Today I went into the city to see the exhibit on Frida Kahlo at the SFMOMA. in 5th grade I was doing a project on Diego Rivera (to this day I don't know how I found him) and discovered his wife, Frida, who was infinitely more interesting. Her paintings had an intensity about them that struck my 10 year old eyes. I loved her paintings long before I ever had my heart broken. Now that I've lived a bit and know what love and loss feel like, I love them even more.

I spent the past 18 years staring at these paintings in books, reading her diary, memorizing the stories behind each of her prints and each chapter in her life. As as young girl she thrived on her fathers attention and affection while her mother was chronically exhausted and overbearing. In her teens, she tested the boundaries of gender roles, joining a nearly all boys revolutionary fraternity and dressing in her father's suits for family photos. A trolley accident in which her body was pierced through with a bar handle, entering her lower back and exiting her vagina, left her unable to bear children and bed-bound for months. Before she was 25 she had married Diego. He was a constant adulterer, sleeping with models, revolutionary's wives and her sister. She, in unending physical and emotional pain, turned to other men (and women) in desperate efforts to self-sooth yet remained devoted to her love her entire life. She wore the glorious styles of the Oaxacan women she had grown up with in rich colors and patterns of flowing skirts and home spun tops, meters and meters of lush scarves and ornate hair updos and ornaments. Her blue house was a menagerie of native Mexican plants and animals...

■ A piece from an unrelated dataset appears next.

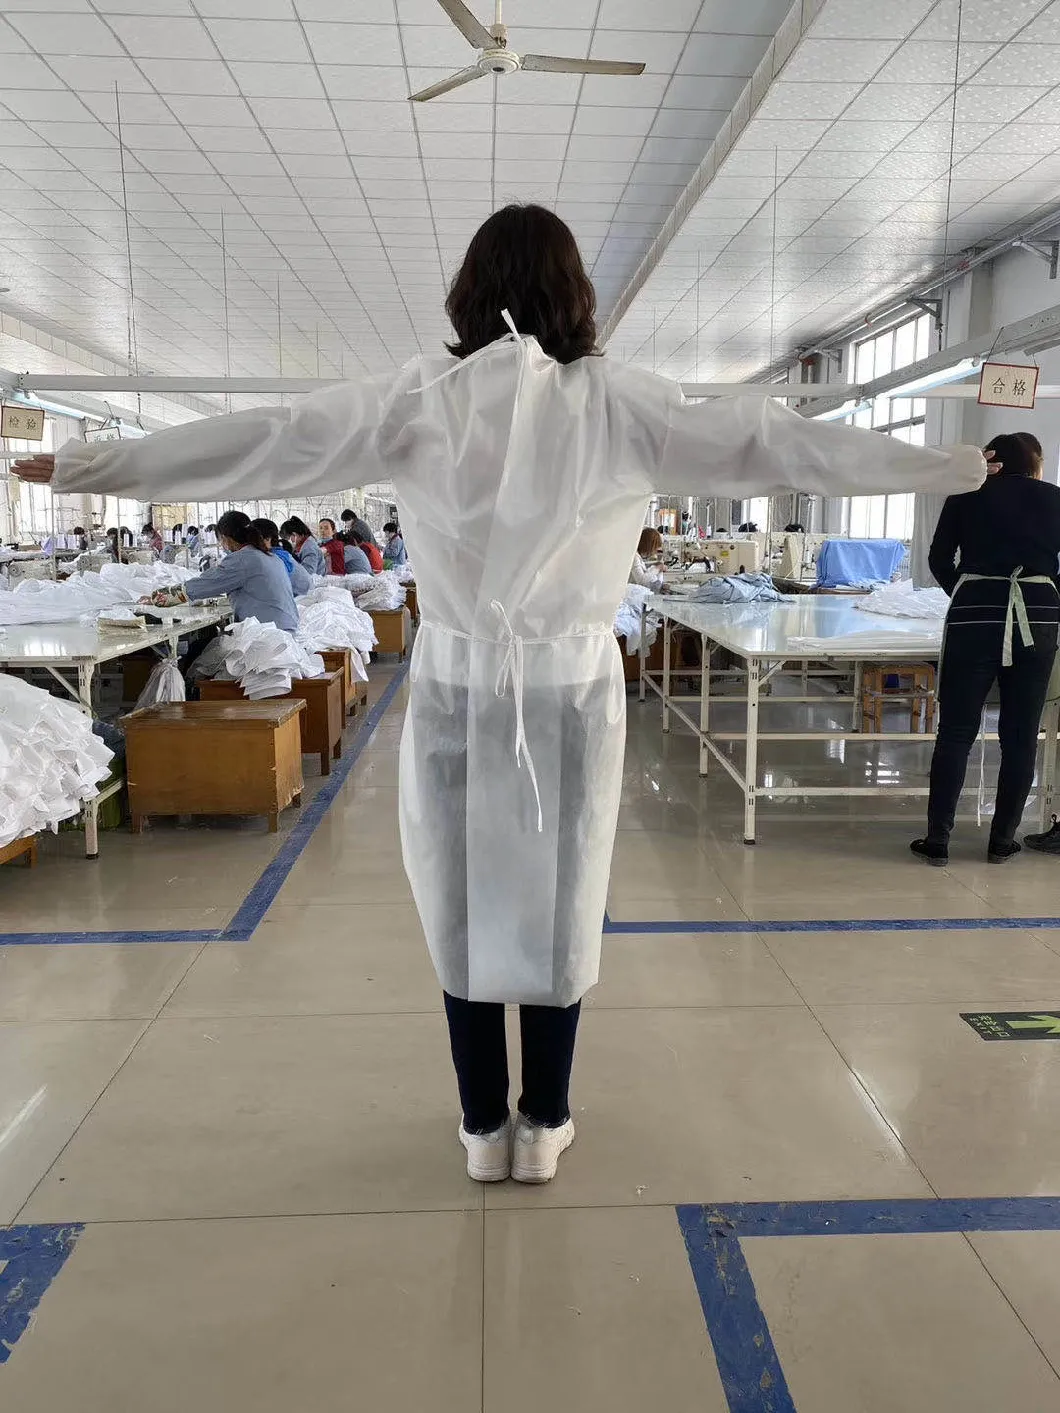 Waterproof/Plastic CPE/Poly/PE/Scrub/Operation/PP/SMS Nonwoven Disposable Protective Isolation Surgical Gown for Doctor/Surgeon/Patient/Visitor/Hospital Work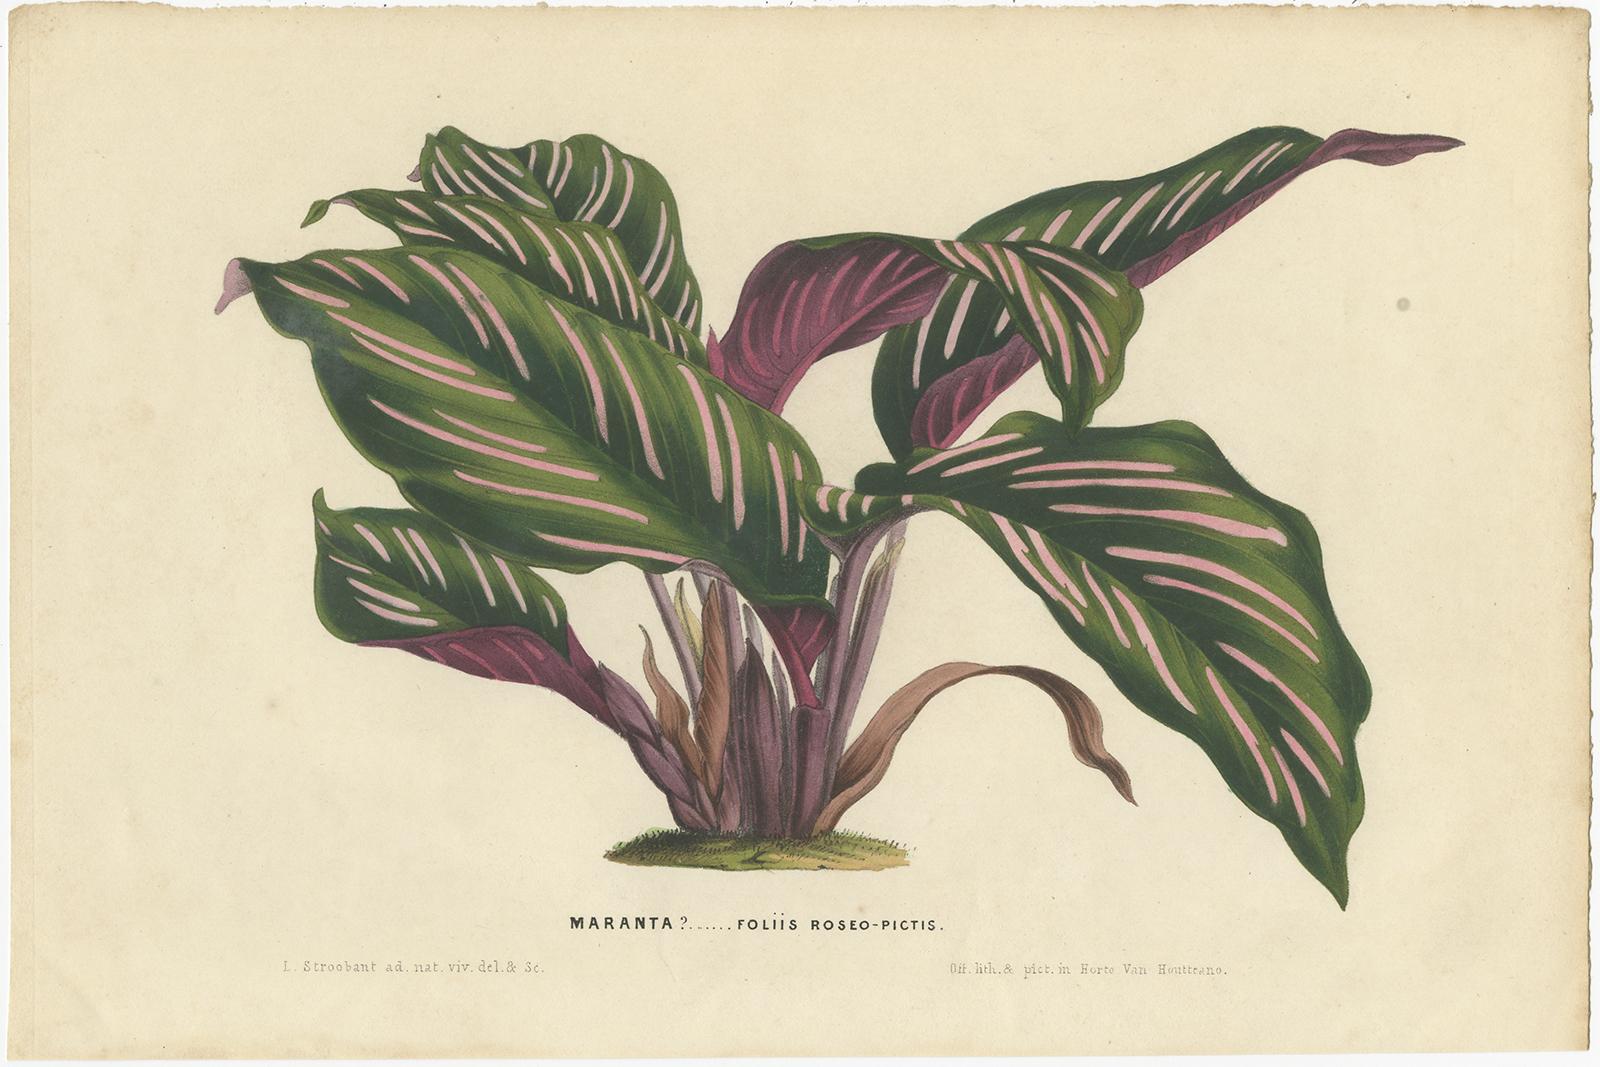 Set of two antique botany prints titled 'Maranta? Foliis Albo-Pictis - Maranta? Foliis Roseo-Pictis'. Two lithographs depicting maranta plant species. These prints originate from volume 4 of 'Flore des Serres' by Louis van Houtte. Published in 1848.

And in this reality she painted. Her constant struggle in love with a man who was "physiologically incapable of commitment" and the bitter war with her "Judas of a body" through the raw and astonishing self portraits as a deer pierced with thorns, a broken column, a murdered wife killed with a "few small nips", a dual personality, bleeding out against her most desperate attempts at survival, her musings in her bath with a view of her scarred right foot and her imagination... her pride, anger and pain as a revolutionary, her devotion to her homeland,her heartbreak at being unable to bear a child.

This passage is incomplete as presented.